The sys.options table name and values are case-sensitive. The following query works:
SELECT * FROM sys.options where NAME like '%parquet%';
When using the ALTER command, specify the name in lower case. For example:
ALTER SESSION set `store.parquet.compression`='snappy';
Storage Plugin and Workspace References
Storage plugin and workspace names are case-sensitive. The case of the name used in the query and the name in the storage plugin definition need to match. For example, defining a storage plugin named dfs and then referring to the plugin as DFS fails, but this query succeeds:
SELECT * FROM dfs.`/Users/drilluser/ticket_sales.json`;
Literal Values
This section describes how to construct literals.
Boolean
Boolean values are true or false and are case-insensitive. Do not enclose the values in quotation marks.
Date and Time
Format dates using dashes (-) to separate year, month, and day. Format time using colons (:) to separate hours, minutes and seconds. Format timestamps using a date and a time. These literals are shown in the following examples:
Date: 2008-12-15
Time: 22:55:55.123...
Timestamp: 2008-12-15 22:55:55.12345
If you have dates and times in other formats, use a data type conversion function in your queries.
Identifier
An identifier is a letter followed by any sequence of letters, digits, or the underscore. For example, names of tables, columns, and aliases are identifiers. Maximum length is 1024 characters. Enclose the following identifiers in back ticks:
- Keywords
- Identifiers that SQL cannot parse.
For example, enclose the SQL keywords date and time in back ticks when referring to column names, but not when referring to data types:
CREATE TABLE dfs.tmp.sampleparquet AS
(SELECT trans_id,
cast(`date` AS date) transdate,
cast(`time` AS time) transtime,
cast(amount AS double) amountm,
user_info, marketing_info, trans_info
FROM dfs.`/Users/drilluser/sample.json`);
Table and column names are case-insensitive. Use back ticks to enclose names that contain special characters. Special characters are those other than the 52 Latin alphabet characters. For example, space and @ are special characters.

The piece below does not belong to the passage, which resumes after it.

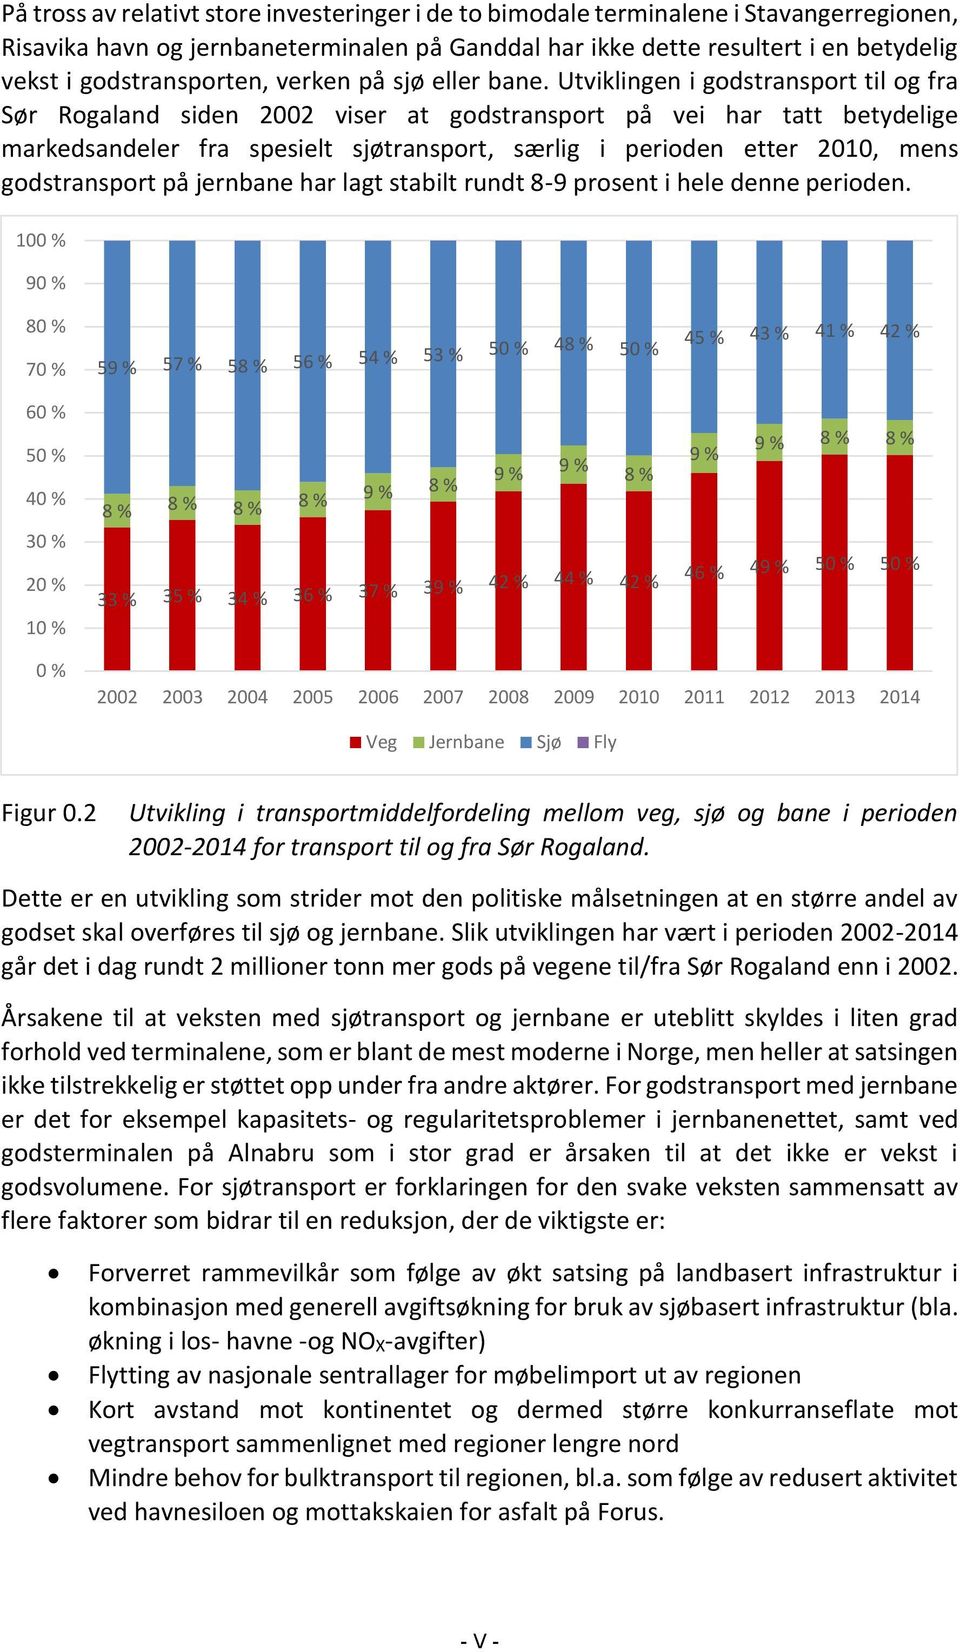 Utviklingen i godstransport til og fra Sør Rogaland siden 2002 viser at godstransport på vei har tatt betydelige markedsandeler fra spesielt sjøtransport, særlig i perioden etter 2010, mens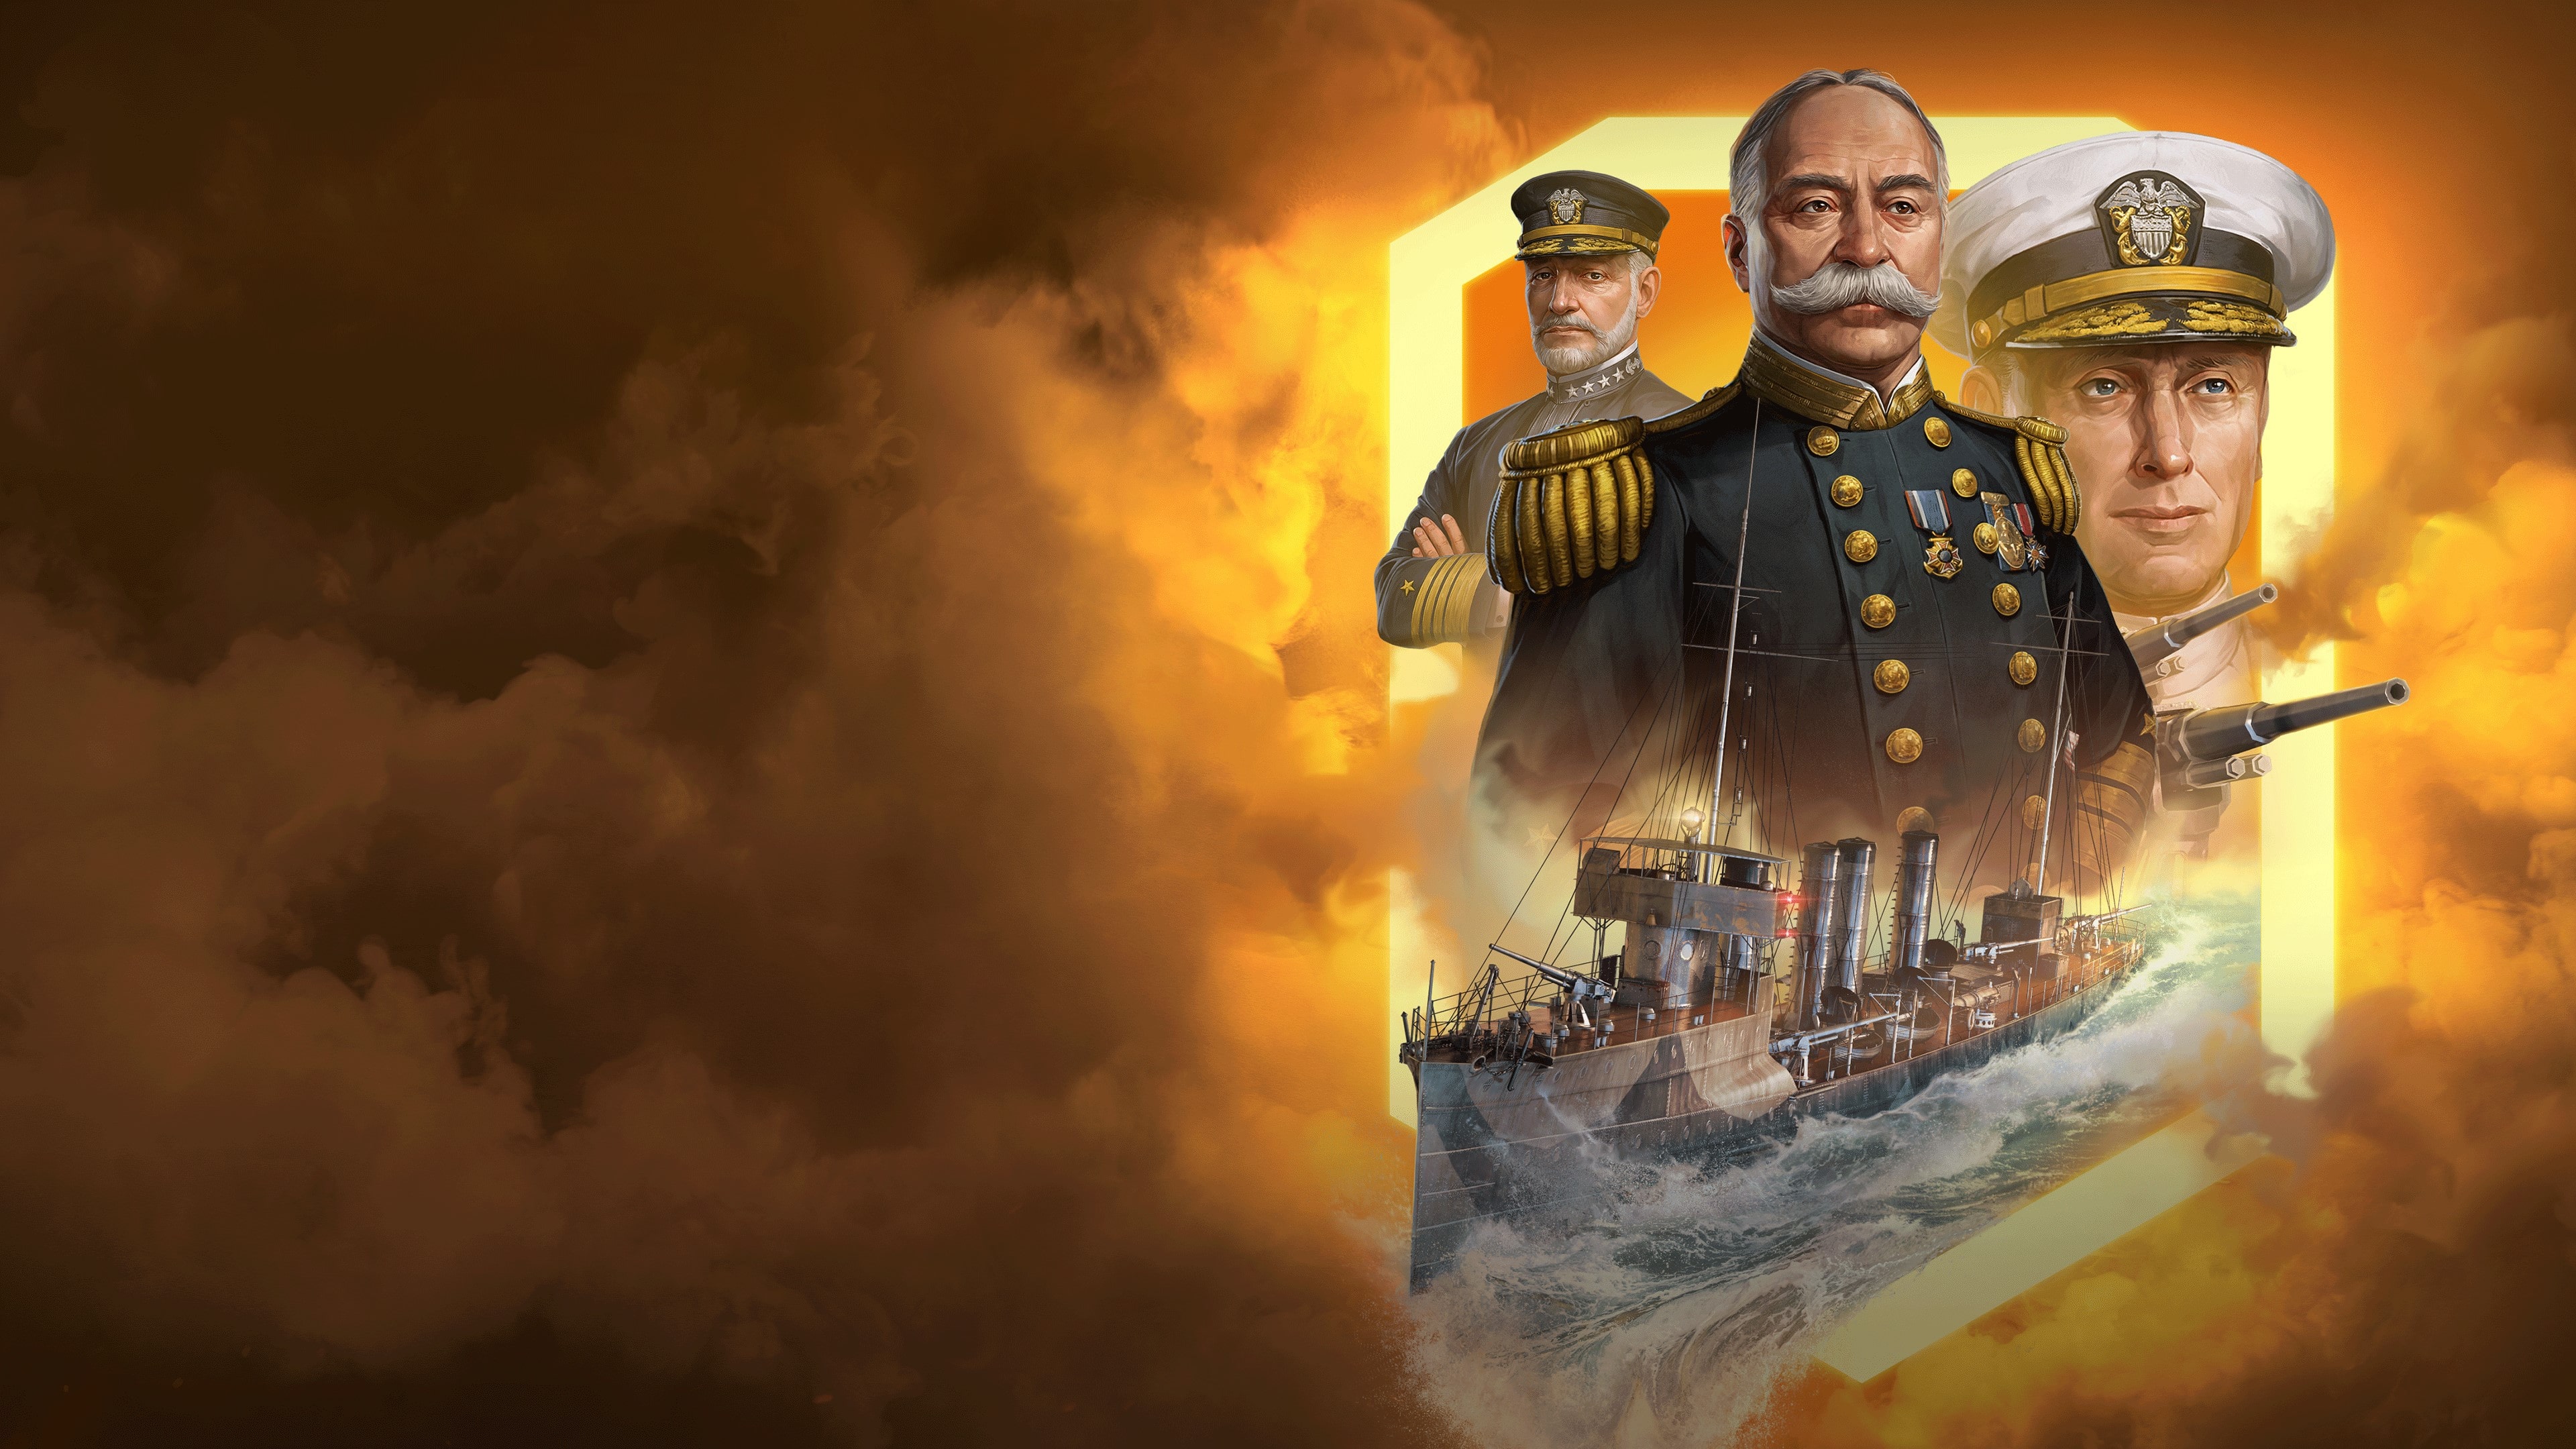 World of Warships: Legends — PS4 Mestre torpedeiro

The following example shows the keyword Year enclosed in back ticks. Because the column alias contains the special space character, also enclose the alias in back ticks, as shown in the following example:
SELECT extract(year from transdate) AS `Year`, t.user_info.cust_id AS `Customer Number` FROM dfs.tmp.`sampleparquet` t;
+------------+-----------------+
| Year | Customer Number |
+------------+-----------------+
| 2013 | 28 |
| 2013 | 86623 |
| 2013 | 11 |
| 2013 | 666 |
| 2013 | 999 |
+------------+-----------------+
5 rows selected (0.051 seconds)
Integer
An integer value consists of an optional minus sign, -, followed by one or more digits.
Numeric constant
Numeric constants include integers, floats, and values in E notation.
- Integers: 0-9 and a minus sign prefix
- Floats: a series of one or more decimal digits, followed by a period, ., and one or more digits in decimal places. There is no optional + sign. Leading or trailing zeros are required before and after decimal points. For example, 0.52 and 52.0.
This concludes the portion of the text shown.